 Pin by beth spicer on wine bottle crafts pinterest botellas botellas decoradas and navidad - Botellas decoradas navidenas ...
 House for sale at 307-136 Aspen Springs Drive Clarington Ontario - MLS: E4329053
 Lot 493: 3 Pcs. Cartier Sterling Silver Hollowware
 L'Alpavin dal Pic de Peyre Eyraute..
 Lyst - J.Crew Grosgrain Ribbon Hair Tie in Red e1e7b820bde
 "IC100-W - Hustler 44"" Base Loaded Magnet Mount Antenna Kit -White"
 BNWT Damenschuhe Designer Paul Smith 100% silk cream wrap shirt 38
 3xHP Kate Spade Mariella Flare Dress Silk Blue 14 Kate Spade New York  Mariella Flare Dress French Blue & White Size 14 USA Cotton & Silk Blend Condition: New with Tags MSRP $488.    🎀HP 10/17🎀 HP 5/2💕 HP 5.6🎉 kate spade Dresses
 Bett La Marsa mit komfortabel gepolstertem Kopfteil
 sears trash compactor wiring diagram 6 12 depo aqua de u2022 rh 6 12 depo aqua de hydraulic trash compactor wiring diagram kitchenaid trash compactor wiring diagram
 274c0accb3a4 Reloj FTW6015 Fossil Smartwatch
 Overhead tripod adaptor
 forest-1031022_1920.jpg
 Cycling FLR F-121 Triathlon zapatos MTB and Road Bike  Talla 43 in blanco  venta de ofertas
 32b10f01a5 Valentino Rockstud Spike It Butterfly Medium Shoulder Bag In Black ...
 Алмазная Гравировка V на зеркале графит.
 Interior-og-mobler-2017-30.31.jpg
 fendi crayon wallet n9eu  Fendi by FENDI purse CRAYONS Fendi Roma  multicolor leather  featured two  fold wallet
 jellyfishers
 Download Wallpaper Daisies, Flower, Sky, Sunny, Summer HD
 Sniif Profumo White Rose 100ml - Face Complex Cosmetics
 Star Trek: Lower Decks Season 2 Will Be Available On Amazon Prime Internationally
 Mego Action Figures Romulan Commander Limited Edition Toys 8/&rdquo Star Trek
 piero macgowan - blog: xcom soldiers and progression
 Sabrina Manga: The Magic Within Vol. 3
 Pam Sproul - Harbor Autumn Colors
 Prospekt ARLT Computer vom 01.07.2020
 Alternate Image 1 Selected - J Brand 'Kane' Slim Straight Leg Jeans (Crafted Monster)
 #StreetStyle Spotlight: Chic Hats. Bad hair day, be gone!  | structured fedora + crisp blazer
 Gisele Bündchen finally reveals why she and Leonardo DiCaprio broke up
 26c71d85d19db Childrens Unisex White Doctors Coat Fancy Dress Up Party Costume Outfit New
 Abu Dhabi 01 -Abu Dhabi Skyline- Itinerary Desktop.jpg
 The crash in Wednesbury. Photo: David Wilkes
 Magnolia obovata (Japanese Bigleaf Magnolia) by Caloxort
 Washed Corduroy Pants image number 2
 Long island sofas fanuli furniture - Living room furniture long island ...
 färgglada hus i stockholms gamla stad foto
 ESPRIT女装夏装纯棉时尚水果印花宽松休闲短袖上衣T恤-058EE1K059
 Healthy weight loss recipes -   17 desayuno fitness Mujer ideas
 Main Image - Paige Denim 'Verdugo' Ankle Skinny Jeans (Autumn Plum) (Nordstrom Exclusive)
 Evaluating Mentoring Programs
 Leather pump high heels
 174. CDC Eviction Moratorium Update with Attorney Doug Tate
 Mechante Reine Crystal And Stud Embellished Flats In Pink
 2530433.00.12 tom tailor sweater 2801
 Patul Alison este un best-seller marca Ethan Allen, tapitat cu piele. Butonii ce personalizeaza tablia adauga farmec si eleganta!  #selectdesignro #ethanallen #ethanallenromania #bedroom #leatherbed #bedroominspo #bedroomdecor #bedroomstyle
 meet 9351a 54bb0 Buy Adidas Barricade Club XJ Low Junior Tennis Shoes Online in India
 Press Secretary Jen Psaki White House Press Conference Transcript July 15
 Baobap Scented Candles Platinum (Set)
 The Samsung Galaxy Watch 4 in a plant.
+ + +
== What you are asked to do ==
Look above for the line with "Prospekt ARLT Computer vom 01.07.2020" and the line with "Washed Corduroy Pants image number 2". Write out those two lines and all the lines between them, exactly, and no others.

== Answer section ==
 Prospekt ARLT Computer vom 01.07.2020
 Alternate Image 1 Selected - J Brand 'Kane' Slim Straight Leg Jeans (Crafted Monster)
 #StreetStyle Spotlight: Chic Hats. Bad hair day, be gone!  | structured fedora + crisp blazer
 Gisele Bündchen finally reveals why she and Leonardo DiCaprio broke up
 26c71d85d19db Childrens Unisex White Doctors Coat Fancy Dress Up Party Costume Outfit New
 Abu Dhabi 01 -Abu Dhabi Skyline- Itinerary Desktop.jpg
 The crash in Wednesbury. Photo: David Wilkes
 Magnolia obovata (Japanese Bigleaf Magnolia) by Caloxort
 Washed Corduroy Pants image number 2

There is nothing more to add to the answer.